Both sides declared victory. On a tactical level, Israel managed to destroy most of the Karameh camp and take around a hundred PLO fighters as prisoners. On a political level, Jordan and the PLO inflicted relatively high casualties on the Israelis, who left behind three dead soldiers in Karameh along with several damaged Israeli vehicles and tanks, which were later paraded in Amman by the Jordanian Army. The engagement also marked the first known deployment of suicide bombers by Palestinian fighters, and the issuance of the United Nations Security Council Resolution 248, which unanimously condemned Israel for violating the cease-fire line and its disproportionate use of force.
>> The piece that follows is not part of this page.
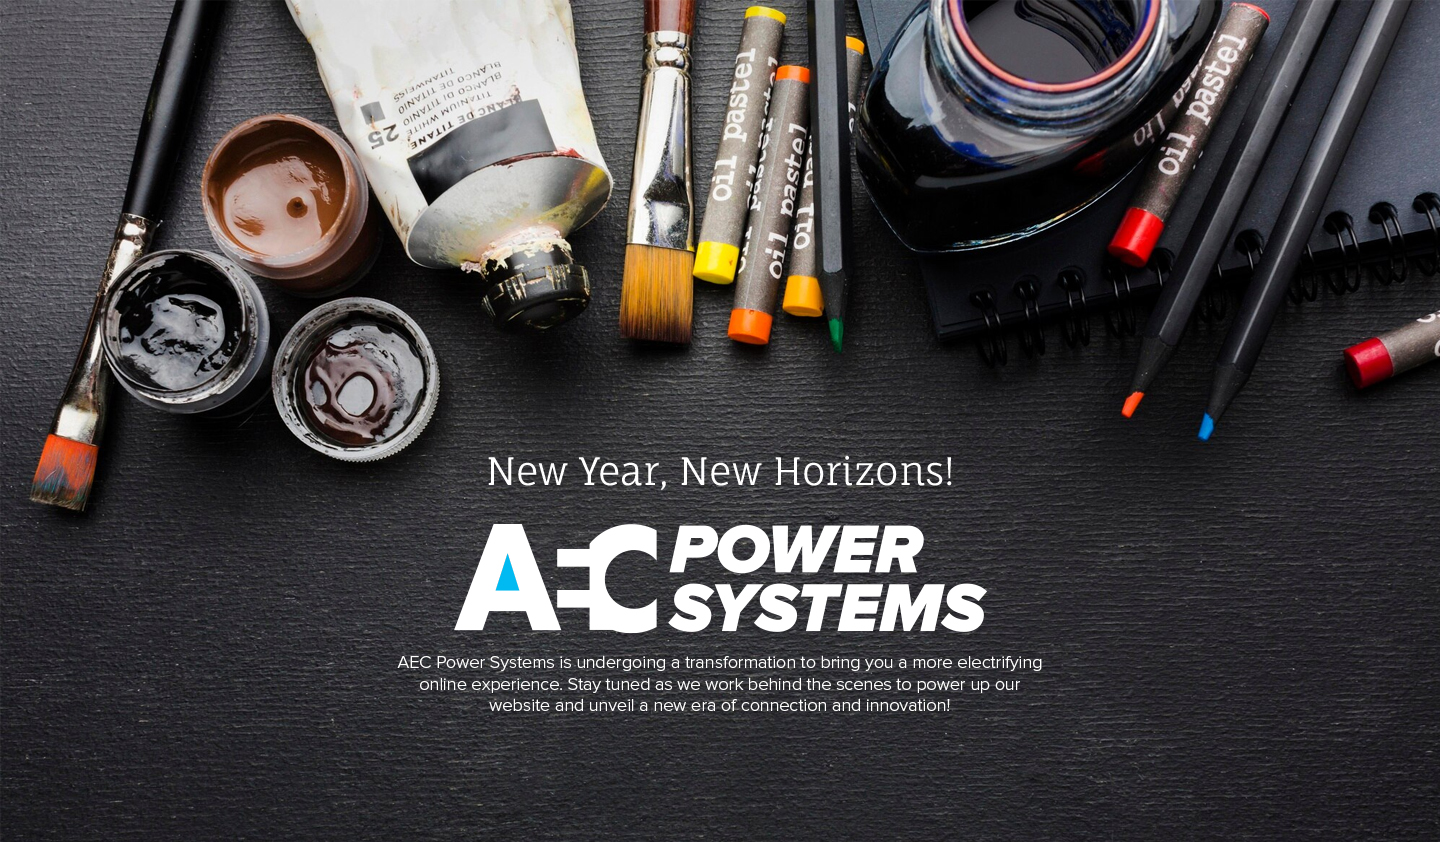 AEC POWER SYSTEMS

The battle gained wide acclaim and recognition in the Arab world, and the following period witnessed an upsurge of support from Arab countries to the fedayeen in Jordan. The Palestinians had limited success in inflicting Israeli casualties, but King Hussein allowed them to take credit, to the point of proclaiming "we are all fedayeen". As the PLO's strength began to grow in the aftermath, the fedayeen began to speak openly of overthrowing the Hashemite monarchy, and the ensuing tensions with the Jordanian authorities eventually precipitated in their expulsion to Lebanon in 1971, marking the end of the Black September conflict.

==Background==
Palestinian groups used to initiate few attacks on Israeli targets from both the West Bank and Jordan before the Six-Day War, some of which caused Israel to retaliate which became known as the Reprisal operations. Following the seizure of the West Bank from Jordan in the June 1967 Six-Day War, Israel destroyed the existing Palestinian group Fatah networks there. In early 1968, however, Fatah guerrillas began raiding Israel from bases on the Jordanian side of the river. Most of these attacks were blocked by the Israel Defense Forces. At times, Jordanian Army infantry and artillery units gave the Fatah squads covering fire, leading to frequent direct skirmishes between the Israeli and the Jordanian militaries.
On 14–15 February, Jordanian mortars hit several Israeli settlements in the Beit Shean Valley and Jordan Valley. Israeli artillery and air forces retaliated against Jordanian bases and artillery batteries, as well as the American-financed East Ghor Canal (now known as the King Abdullah Canal). As a result, thousands of Jordanian farmers fled eastwards, and fedayeen (agents willing to sacrifice themselves for the Palestinian cause) moved into the valley. An American-sponsored ceasefire was arranged, and King Hussein declared he would prevent these groups from using Jordan as a base for attack.

In February, King Hussein sent twenty carloads of troops and police to order a Fatah unit to leave the town of Karameh. When it arrived, the column found itself surrounded by men wielding machine guns; their commander said "You have three minutes to decide whether you leave or die". They withdrew. By March, several hundred civilians lived in the camp, along with about 900 guerrillas, mostly from Fatah, and PLO leader Yasser Arafat, who had his headquarters there.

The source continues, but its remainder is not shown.